In each of these versions the story of Tell becomes more elaborate with details filled in, names and dates supplied and a mantel of historical verisimilitude draped around it.  The story also adapts to more modern political developments—There really was a Gessler family, for instance, that administered a fiefdom of a Hapsburg prince around Zurich in the late 14th Century.  He became a stand-in for imperial Austrian designs on Switzerland three hundred years later.
Tell inspired The Three Tells—heroes of the 1653 Swiss Peasants’ War who dressed as Tell attempted to assassinate Ulrich Dullike, Schultheiss (Mayor) of Lucerne for the Hapsburgs in 1653.  In the writings of early 19th Century Romantics they became similar to certain Nordic myths and King Arthur in English folklore, sleeping under the mountains and waiting to be resurrected and come to the salvation of the nation in a time of peril. 

On the Helvetic Republic state seal.
During the French Revolution Tell was adopted as a model and hero for rebellion against authority.  He was re-cast as a peasant leader and his role as a revolutionary elevated over earlier versions which emphasized his individual defiance.  In the Napoleonic era Gessler becomes a tool of an unseen—and not even historically accurate—Austrian Emperor.  In the post-Napoleonic era Tell becomes the symbol to resistance against all oppression—including that inflicted in the false hope that Bonaparte   would be a liberating force in Europe. 

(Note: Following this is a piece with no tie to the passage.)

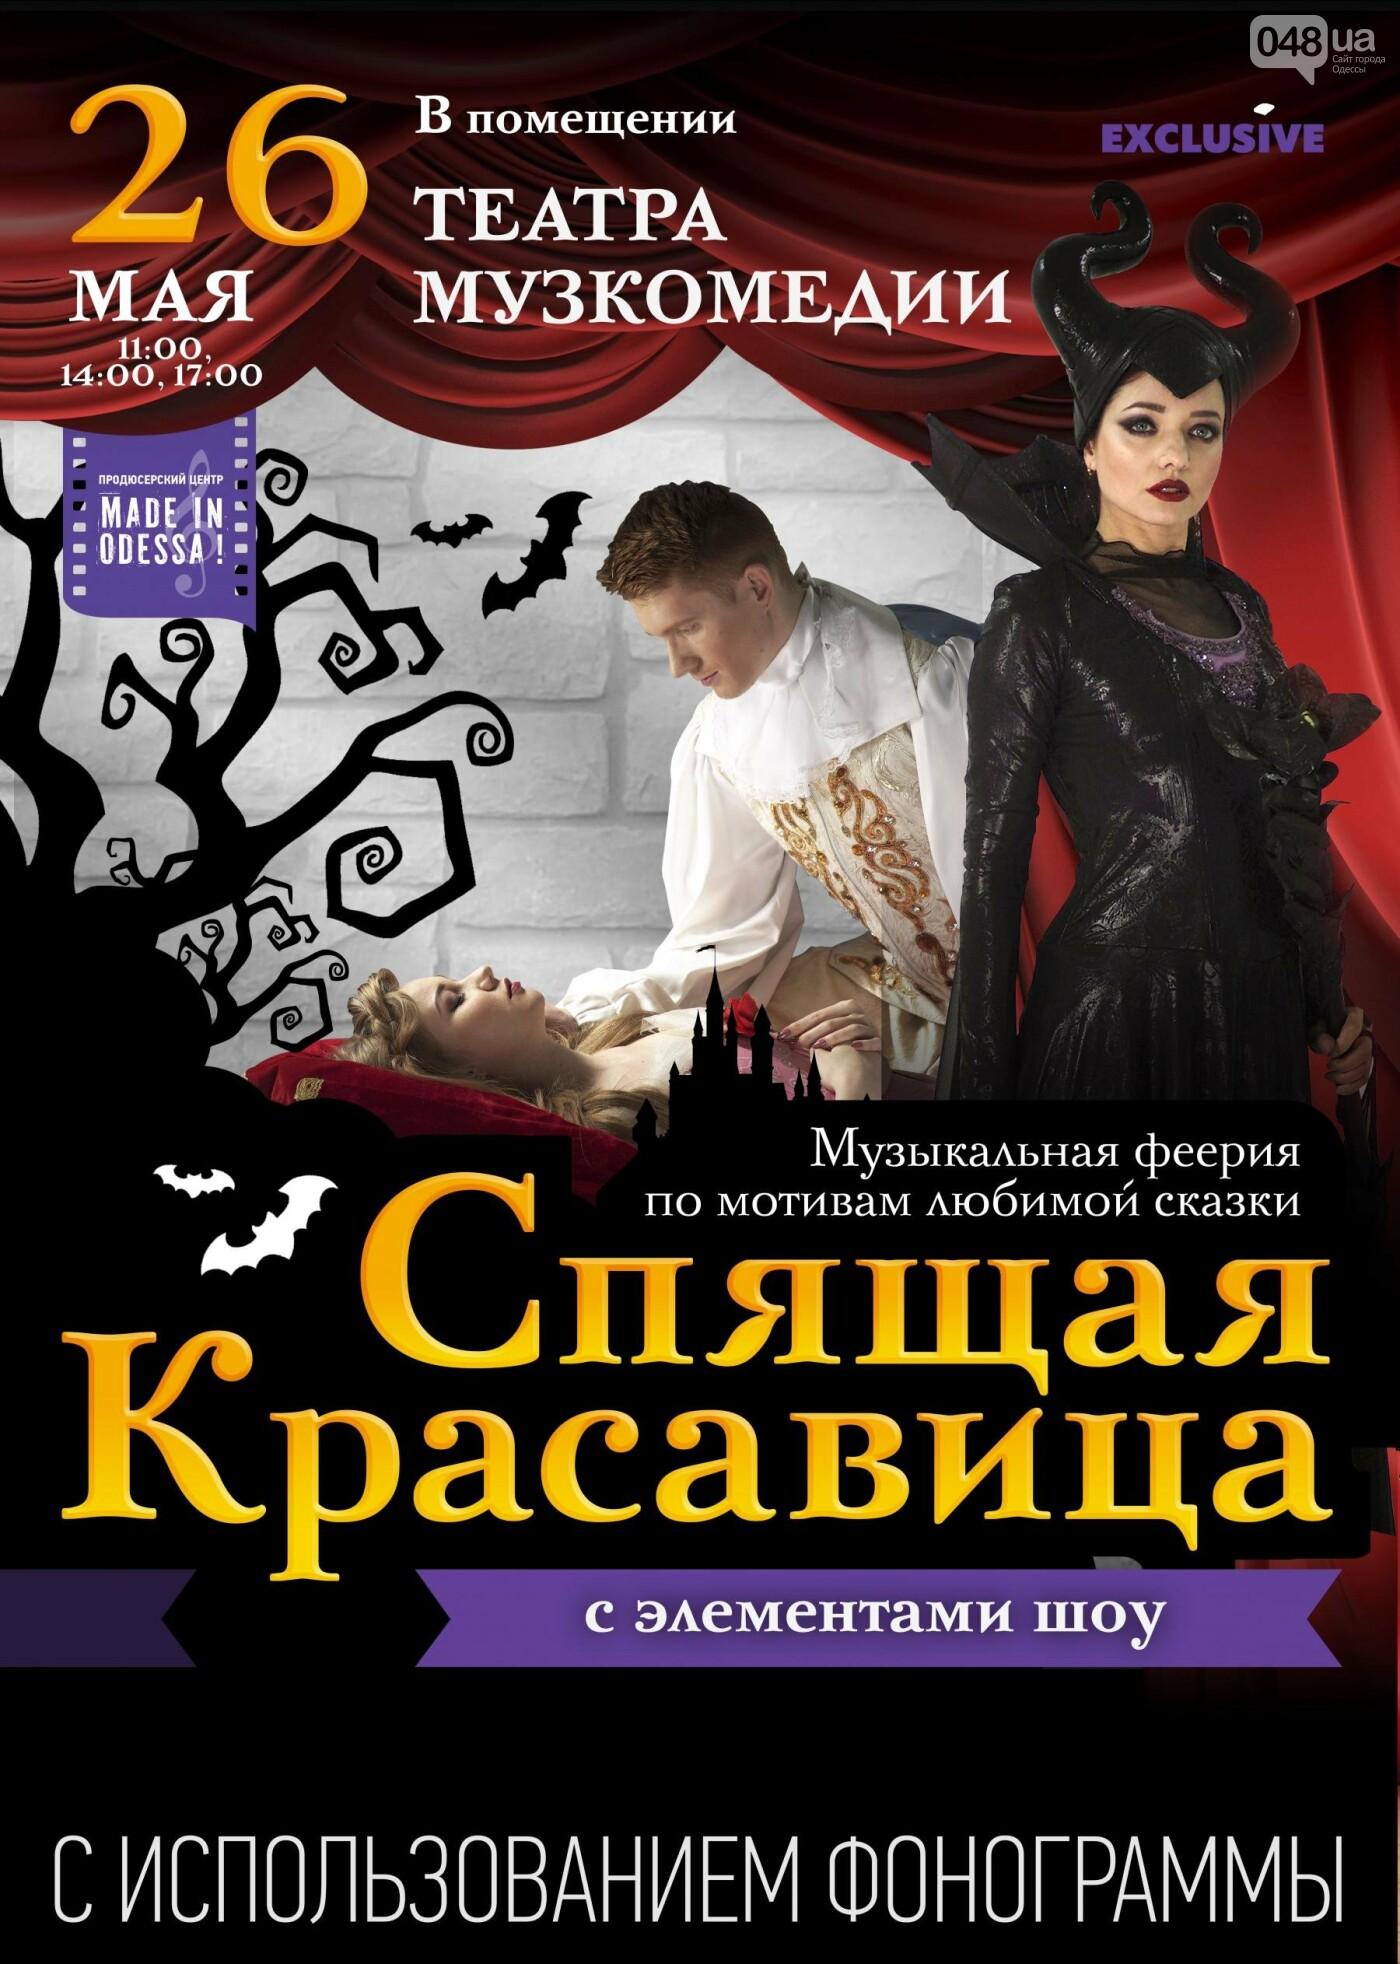 В одесском театре на сто лет уснет красавица (АФИША), фото-1

When Napoleon invaded western Switzerland and imposed the Helvetic Republic in 1798, the new central government sought legitimacy by making Tell and his son the central device in their official seal.  When the Republic was overthrown in 1803 and the Confederacy of Cantons restored in the period known in Swiss history as the Restoration, Tell became a symbol for resistance to all foreign meddling in Swiss affairs.  This is the Tell of Schiller’s play and Rossini’s opera.
Since then he has been schizophrenic simultaneously hailed as a hero of left populism and of right-wing Swiss nationalism.  He has been cited as the inspiration for Guy Fawkes and the Gunpowder Plotters in England in 1604, along with Brutus by John Wilkes Booth for his assassination of Abraham Lincoln, and by late 19th Century anarchist assassins and attempted assassins of European rulers.
Adolph Hitler in Mein Kampf praised Tell as the prototype of a Germanic hero and man of action.  He sang a different song after young Swiss Francophone patriot Maurice Bavaud—dubbed the “New William Tell” by his admirers—attempted to assassinate him in 1938.  He subsequently banned all performances of either Schiller’s play or the Rossini opera.  At a banquet in 1942 he complained, “Why did Schiller have to immortalize that Swiss sniper!”